I wonder therefore what would be the best strategy for doing this.
Upvotes: 1
Views: 611
Reputation: 4772
Not sure if scp is multi-threaded. If not try something like this so better utilize all cores/ cpus and network bandwidth:
scp [A-M]*.txt remote_machine:
scp [M-Z]*.txt remote_machine:
scp [0-9]*.txt remote_machine:
...
Of course the patterns to use depend on the naming of your files.
Instead of scp you could also use rsync with the same approach.
Upvotes: 1
Reputation: 47052
.tar.gz the files together and un.tar.gz the files apart at the other end.
tar cz *.txt | ssh remote_machine 'tar xz'
Ssh itself slows things down.

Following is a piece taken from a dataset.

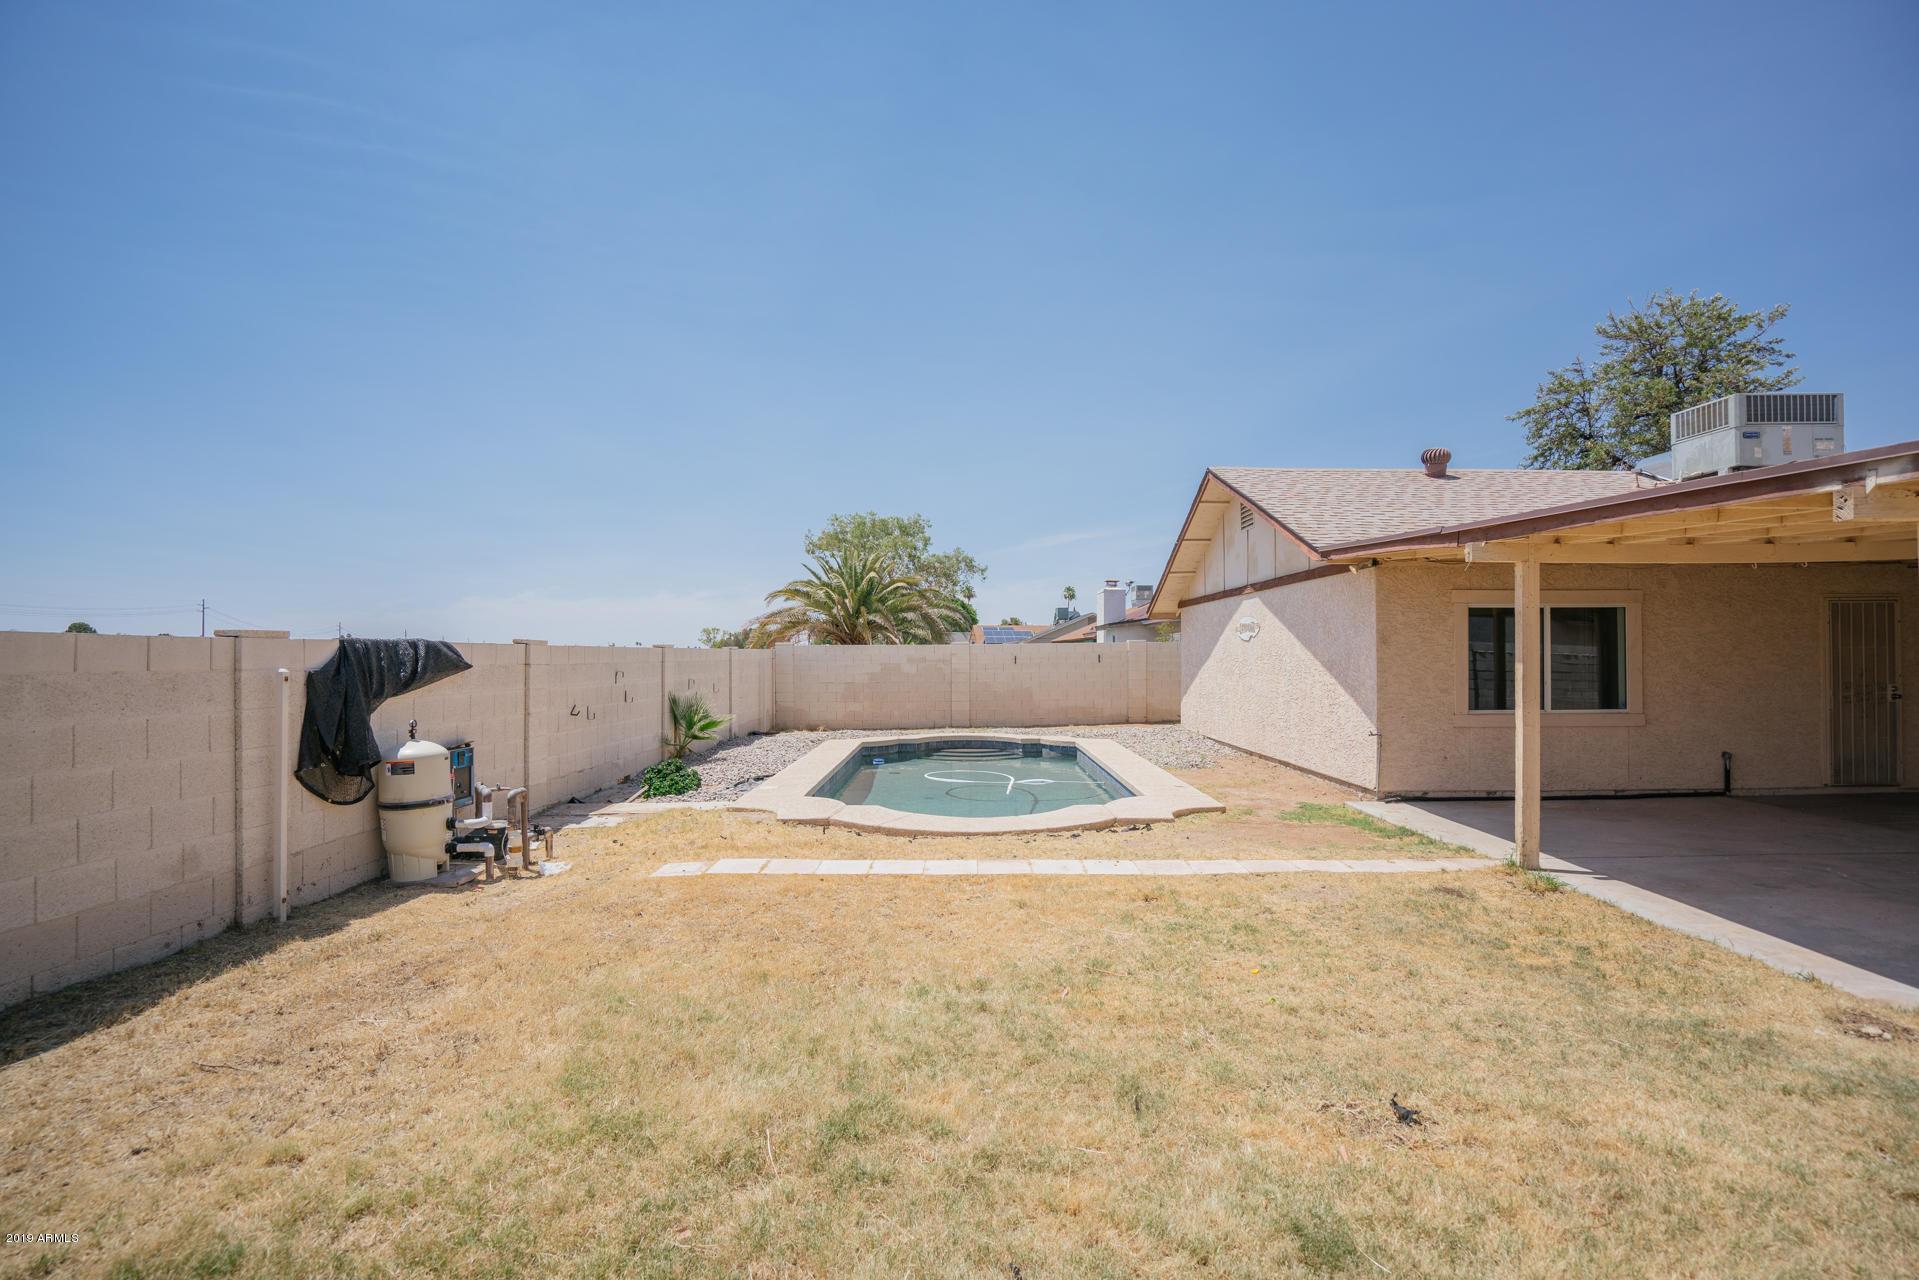 MLS 5941601 6255 W HEARN Road, Glendale, AZ 85306 Glendale AZ North Glendale

If you are copying between hosts on the same network and security isn't an issue, it may be better to use a raw tcp connection.
remote_machine$ nc -l 3333 -q 1 | tar xz
local_machine$ tar cz *.txt >/dev/tcp/remote_machine/3333
If you want to use a different port number from 3333, make sure you change it in both lines.
Upvotes: 1
Reputation: 857
well ssh also means encyption/decryption, why not you use ftp rather to transfer ... if security is not a real concern ?
more over, you can archive the data and decompress it after transfering ... if your network is slow.
so in short, issue the following command to make archive ..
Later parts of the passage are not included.